Director: Antoine Fuqua
Writers: Ian Shorr(screenplay by), Todd Stein (screen story by), D. Eric Maikranz (based on the book “The Reincarnationist Papers” by)
Stars: Mark Wahlberg, Chiwetel Ejiofor, Sophie Cookson
Right off the bat, Infinite makes the near-fatal narrative mistake of laying out the entire premise during Mark Wahlberg’s introductory voiceover.
That premise: There are hundreds of repeatedly-reincarnated people on Earth called Infinites, who fully remember all of their past lives, retaining their growing set of skills from one life to another. One group of them, the Believers, are sort of like guardians who use their abilities to try and improve the world. Conversely, the Nihilists – sick of living forever – are hellbent on destroying all life, thus ending their torment.
However, Evan McCauley (Wahlberg) has mental issues which keep him from remembering anything, so he wonders why he’s such a skilled fighter and swordsman. Because of the opening exposition, the audience is already 100% certain he’s not only a Believer, but a huge part of the film will likely focus on Evan discovering who he really is. In the meantime, he’s pursued by Bathurst (Chiwetel Ejiofor), a former friend from a previous life who’s now a Nihilist. Evan is rescued by a group of Believers who hope to jog his memory because it turns out he was once known as Treadway, who hid a device called the Egg, containing a virus that’ll wipe out all life on Earth. Needless to say, both sides want to retrieve the Egg for different reasons.
Had the viewer been allowed to discover what’s going on right along with Evan, Infinite would have at least held a surprise or two. Instead, we simply watch the premise play itself out, with a lot of Matrix-style flash and action that might have been impressive 20 years ago, but is now perfunctory. Storywise, the hunt for the Egg isn’t all that interesting, nor are the people seeking it, most of whom are also similar to characters from The Matrix. As the film’s “Neo,” Wahlberg pretty much plays the same guy he always does…Mark Wahlerg, which ain’t necessarily a bad thing since he’s always been a reliable action hero. Ejiofor, on the other hand, is wasted as your standard-issue manic bad guy bent on destroying the world.

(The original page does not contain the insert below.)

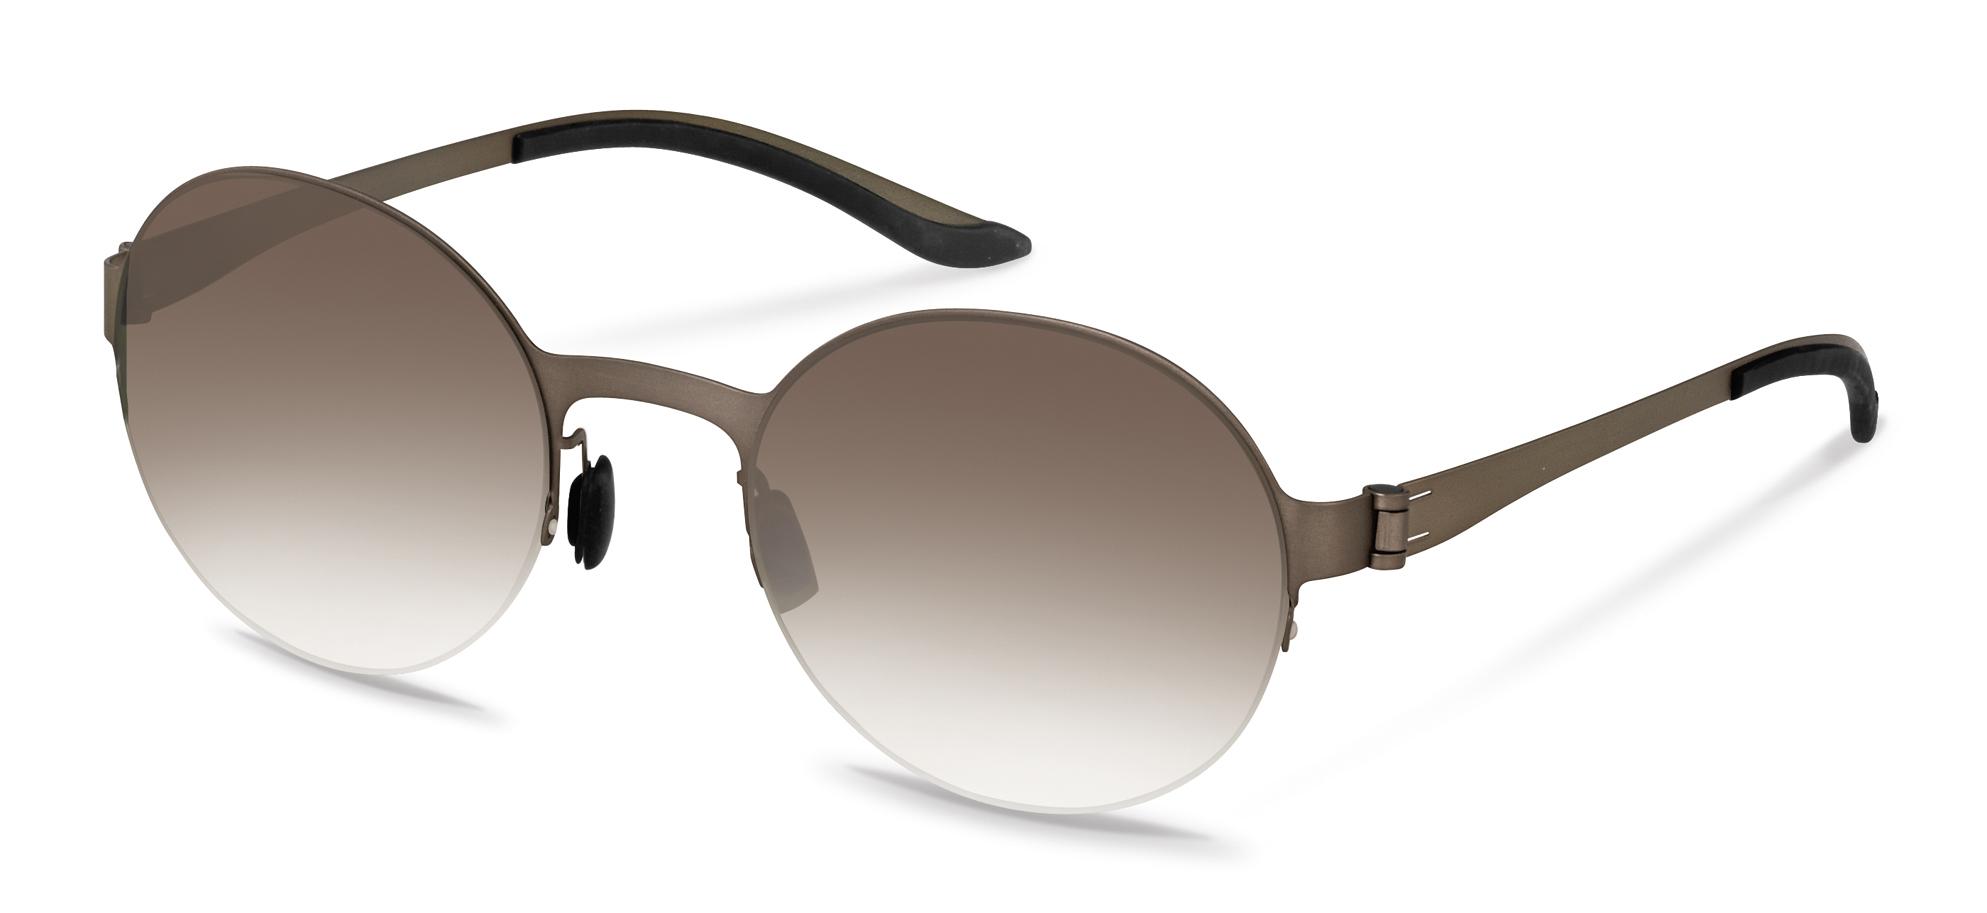 Mercedes-Benz Style Eyewear Frühjahr/Sommer 2014

Breathlessly paced, Infinite features plenty of chases, fighting, gunplay and destruction, all presented with slick professionalism. But we’ve seen it all before, and because it spoon-feeds the entire premise almost immediately, there aren’t any real narrative surprises. That might make it a passable time-killer on Paramount+ (where Infinite first premiered), but I can’t imagine anyone ever being compelled to visit this forgettable film a second time.